Cesare da Sesto (1477–1523) was an Italian painter of the Renaissance active in Milan and elsewhere in Italy.

== Life ==
Cesare da Sesto was born in Sesto Calende, Lombardy. He is considered one of the Leonardeschi or artists influenced by Leonardo da Vinci, such as Bernardino Luini and Marco d'Oggiono. He may have trained or worked with Baldassare Peruzzi in Rome in 1505. Of this period, a lunette in Sant'Onofrio and some paintings in Campagnano Romano are attributed to him.

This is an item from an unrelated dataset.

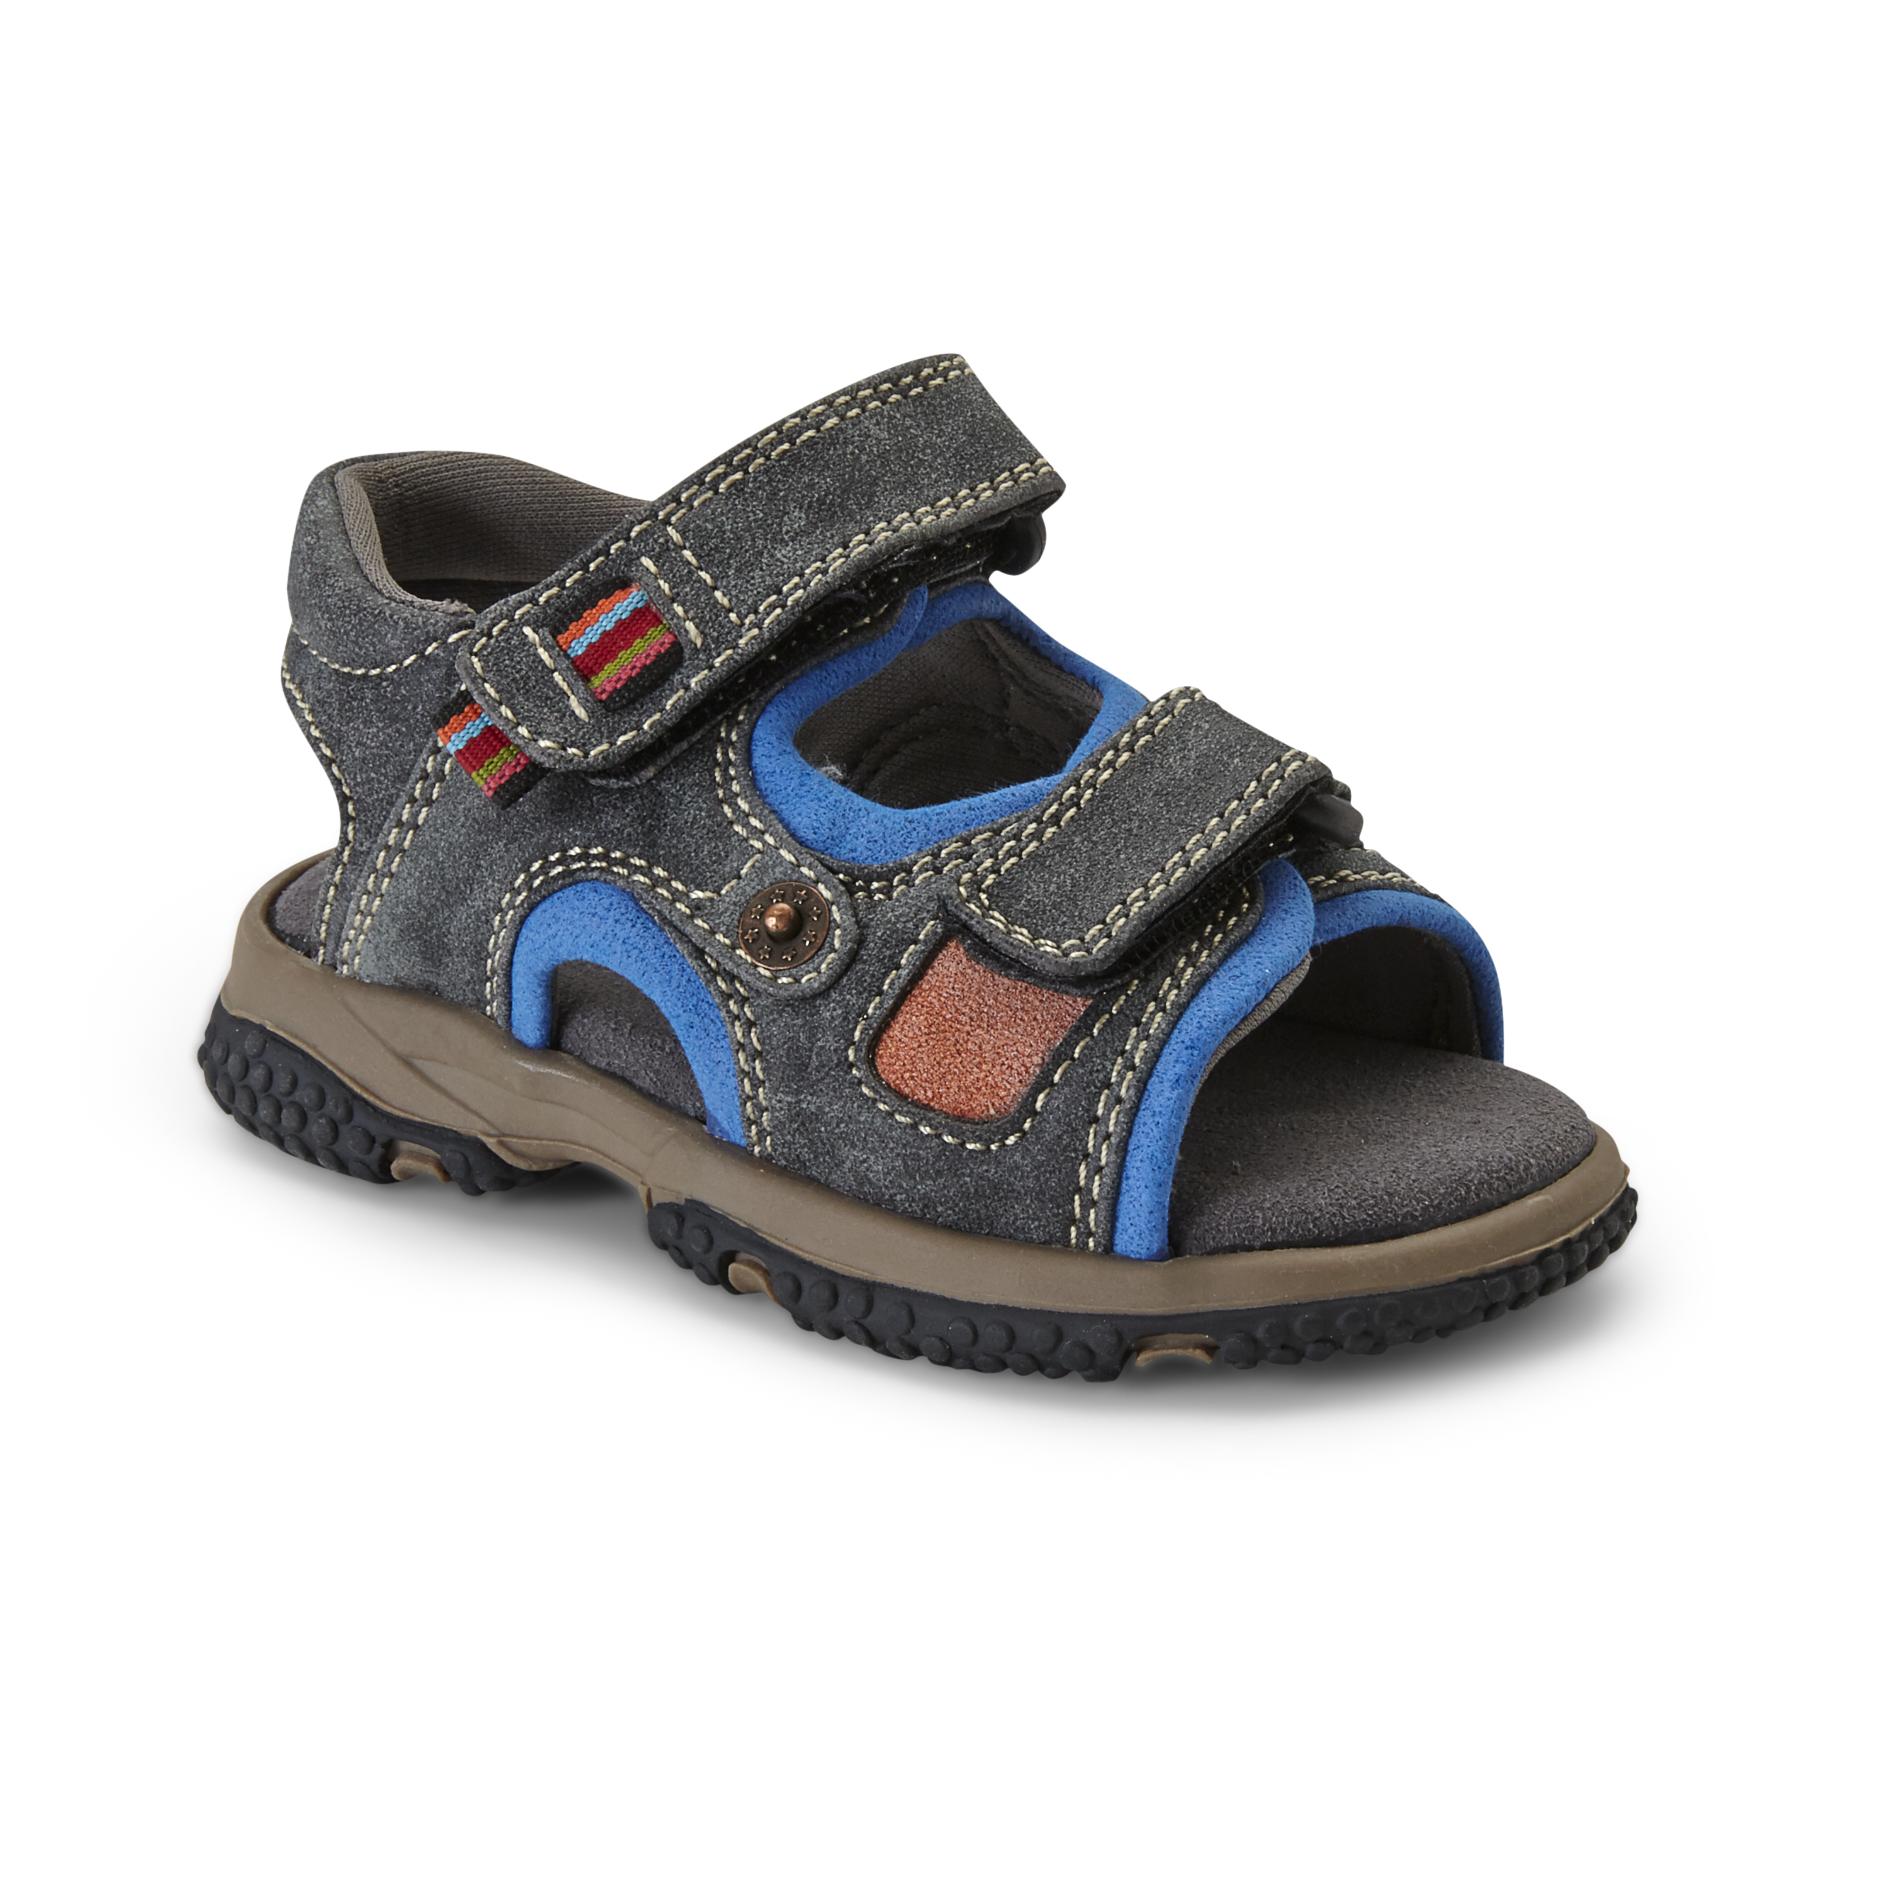 Rachel Shoes Toddler Boy's Max Grey/Blue Sandal

From 1514 he sojourned in Naples for six years. In 1515 he finished a monumental polyptych for the La Trinità della Cava at Cava de' Tirreni and produced Leda and the Swan, a copy after Leonardo's own work on the subject. Back in Milan, he executed a Baptism of Christ, in collaboration with Bernardino Bernazzano (Collezione Gallarati Scotti, Milan) and a Salomè, acquired by Rudolf II and now at the Kunsthistorisches Museum of Vienna. In 1517 he returned to southern Italy. Sometime between 1516 and 1519 in Messina, he completed his Adoration of the Magi, which influenced numerous artists of southern Italy, it can be found in the Musei di Capodimonte of Naples.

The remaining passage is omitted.